Debugging Remote Cache Hits for Remote Execution

This page describes how to check your cache hit rate and how to investigate cache misses in the context of remote execution.

This page assumes that you have a build and/or test that successfully utilizes remote execution, and you want to ensure that you are effectively utilizing remote cache.

Checking your cache hit rate

In the standard output of your Bazel run, look at the INFO line that lists processes, which roughly correspond to Bazel actions. That line details where the action was run. Look for the remote label, which indicates an action executed remotely, linux-sandbox for actions executed in a local sandbox, and other values for other execution strategies. An action whose result came from a remote cache is displayed as remote cache hit.

For example:

    INFO: 11 processes: 6 remote cache hit, 3 internal, 2 remote.

In this example there were 6 remote cache hits, and 2 actions did not have cache hits and were executed remotely. The 3 internal part can be ignored. It is typically tiny internal actions, such as creating symbolic links. Local cache hits are not included in this summary. If you are getting 0 processes (or a number lower than expected), run bazel clean followed by your build/test command.
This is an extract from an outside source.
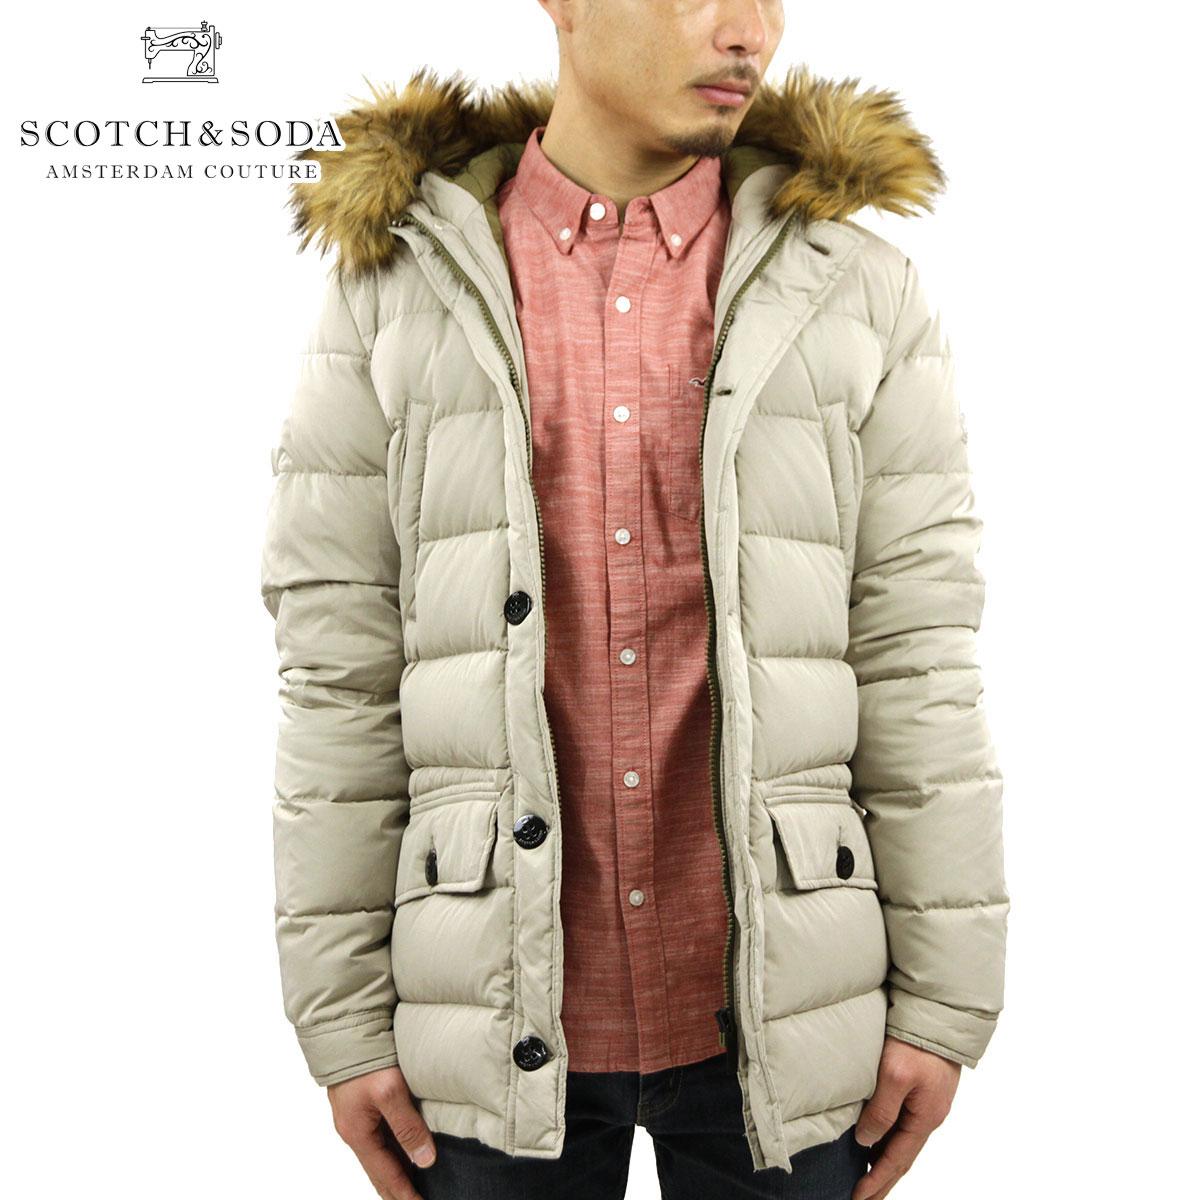 スコッチアンドソーダ SCOTCH&SODA 正規販売店 メンズ アウタージャケット Long hooded jacket with fake fur at hood edge 10014 08 D15S25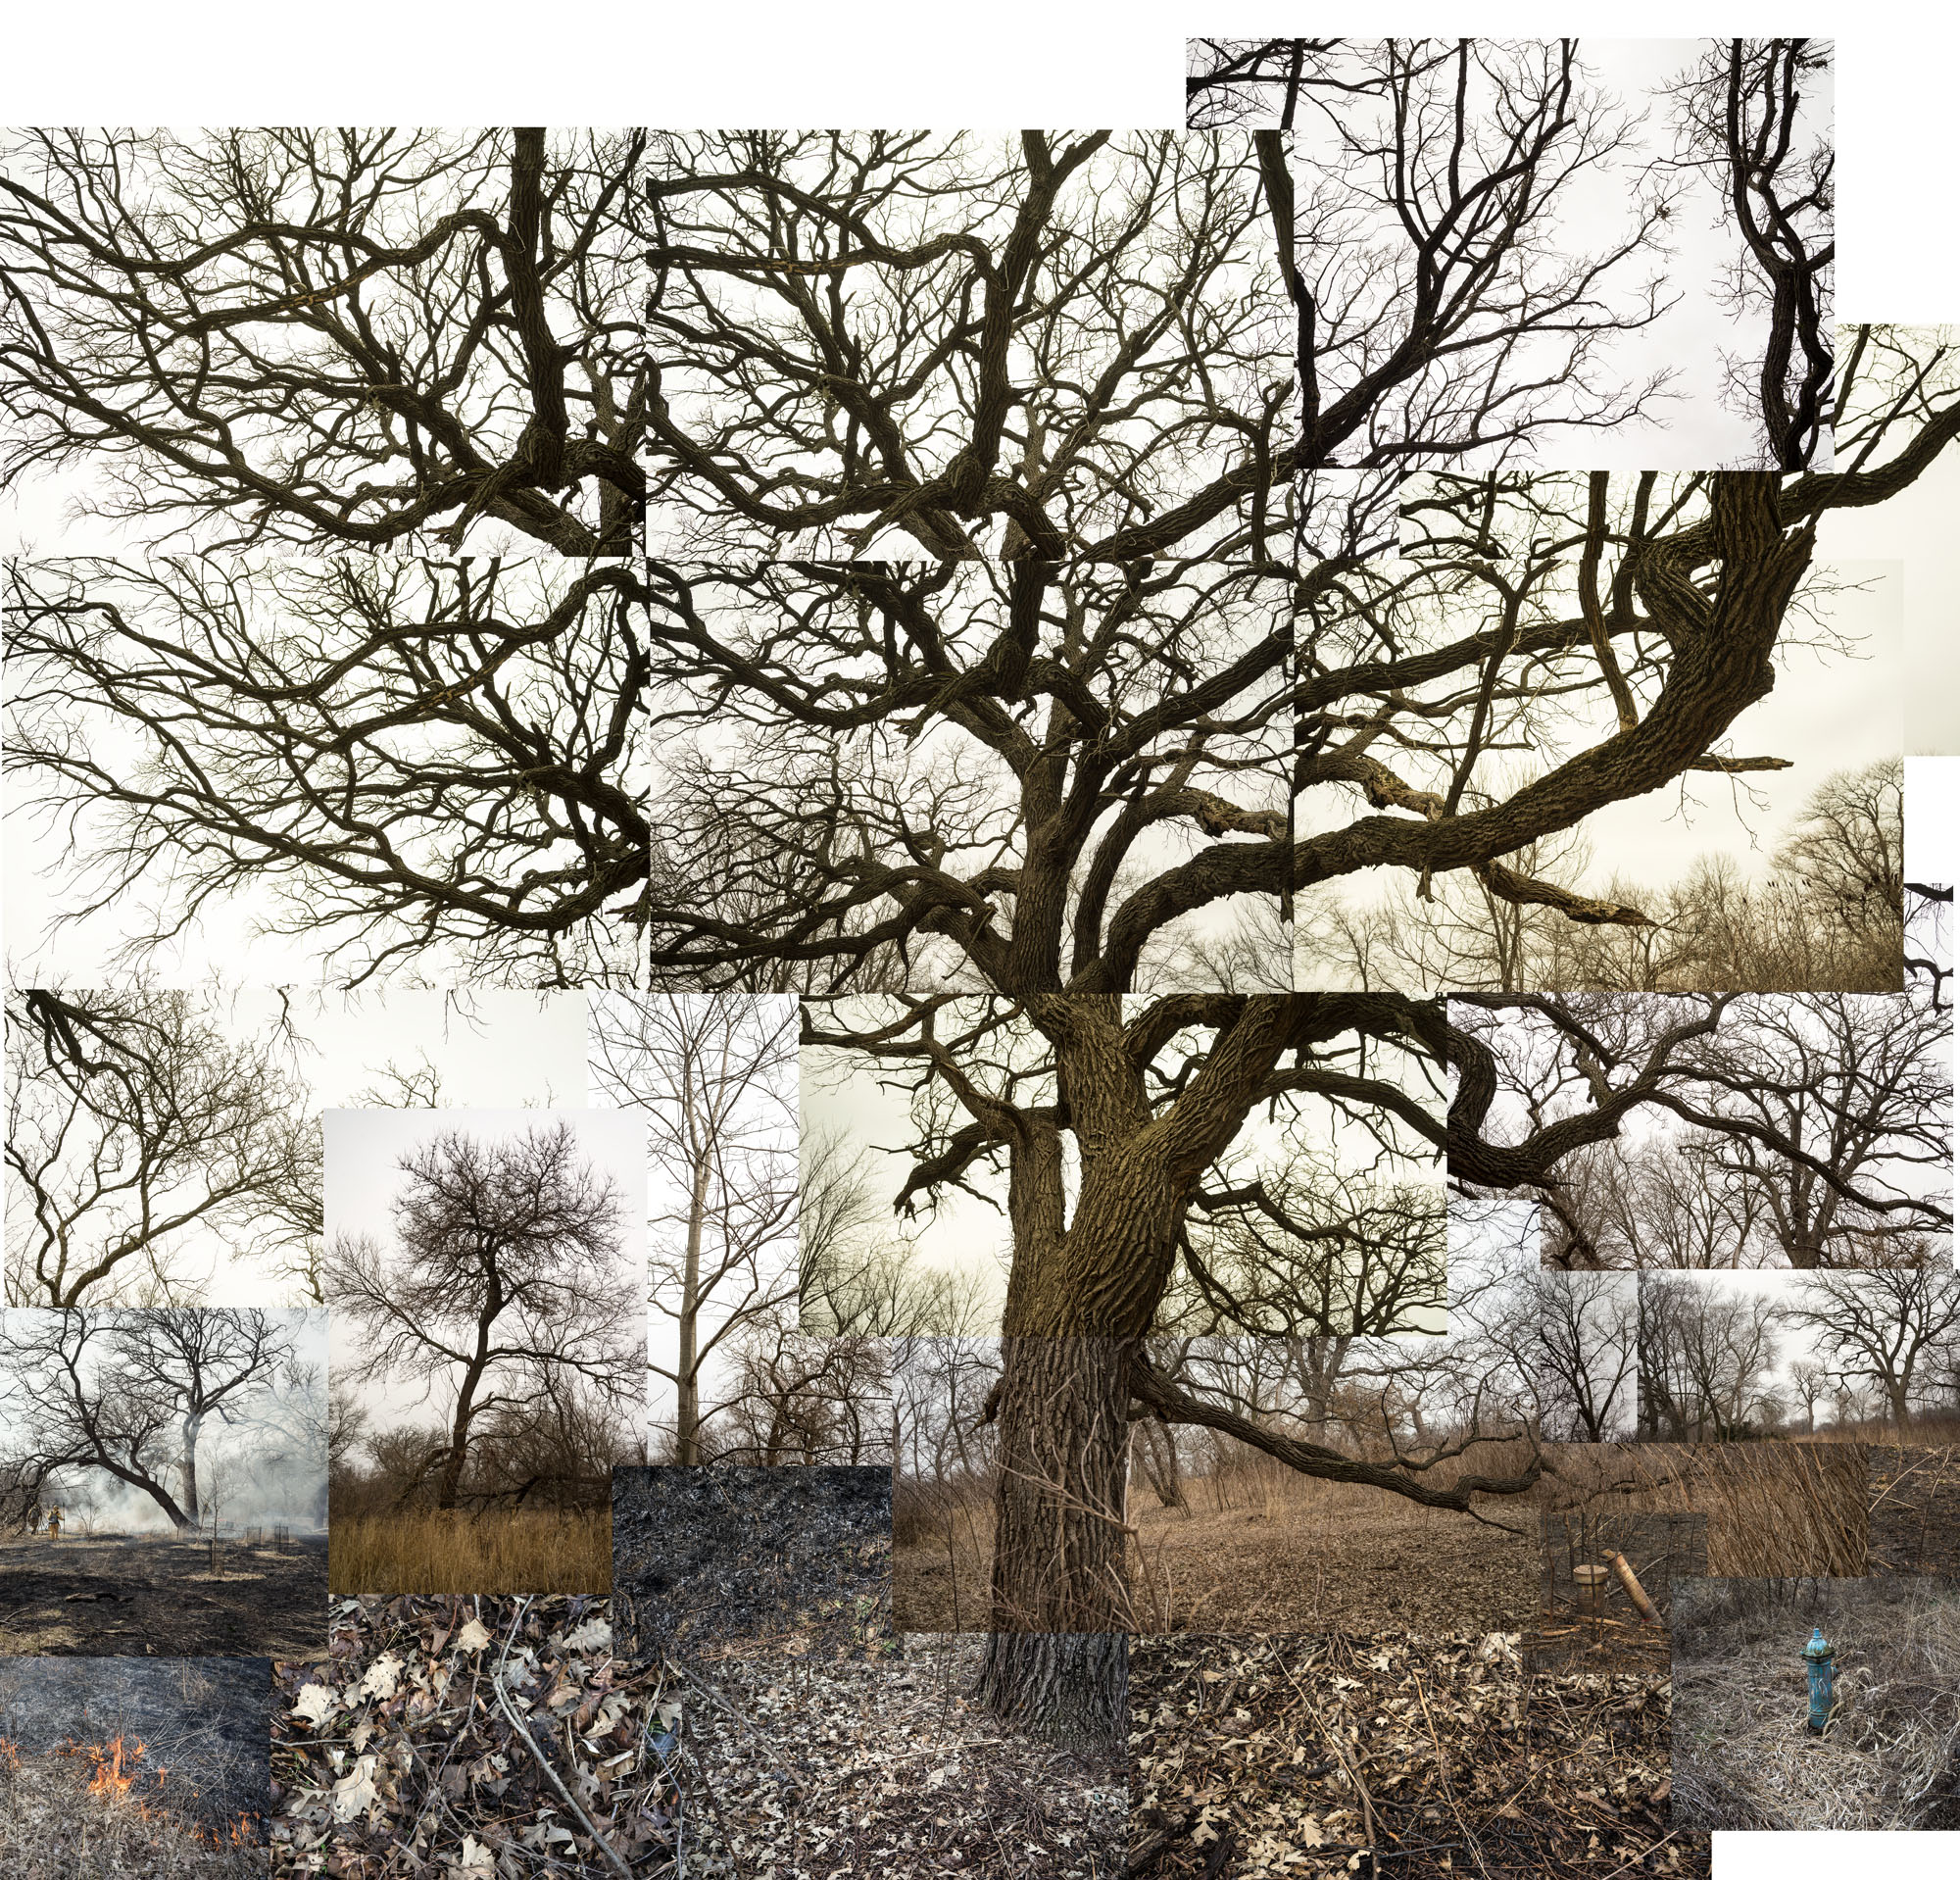 Bur Oak Feb. March 19best one.jpg

Troubleshooting cache hits

If you are not getting the cache hit rate you are expecting, do the following:

Ensure re-running the same build/test command produces cache hits

Run the build(s) and/or test(s) that you expect to populate the cache. The first time a new build is run on a particular stack, you can expect no remote cache hits. As part of remote execution, action results are stored in the cache and a subsequent run should pick them up.
Run bazel clean. This command cleans your local cache, which allows you to investigate remote cache hits without the results being masked by local cache hits.
Run the build(s) and test(s) that you are investigating again (on the same machine).
Check the INFO line for cache hit rate. If you see no processes except remote cache hit and internal, then your cache is being correctly populated and accessed. In that case, skip to the next section.
A likely source of discrepancy is something non-hermetic in the build causing the actions to receive different action keys across the two runs. To find those actions, do the following:

a. Re-run the build(s) or test(s) in question to obtain execution logs:
```
   bazel clean
   bazel $YOUR_FLAGS build //your:target --execution_log_json_file=/tmp/exec1.json
   bazel clean
   bazel $YOUR_FLAGS build //your:target --execution_log_json_file=/tmp/exec2.json
```
b. Compare the execution logs between the two runs. Ensure that the actions are identical across the two log files. Discrepancies provide a clue about the changes that occurred between the runs. Update your build to eliminate those discrepancies.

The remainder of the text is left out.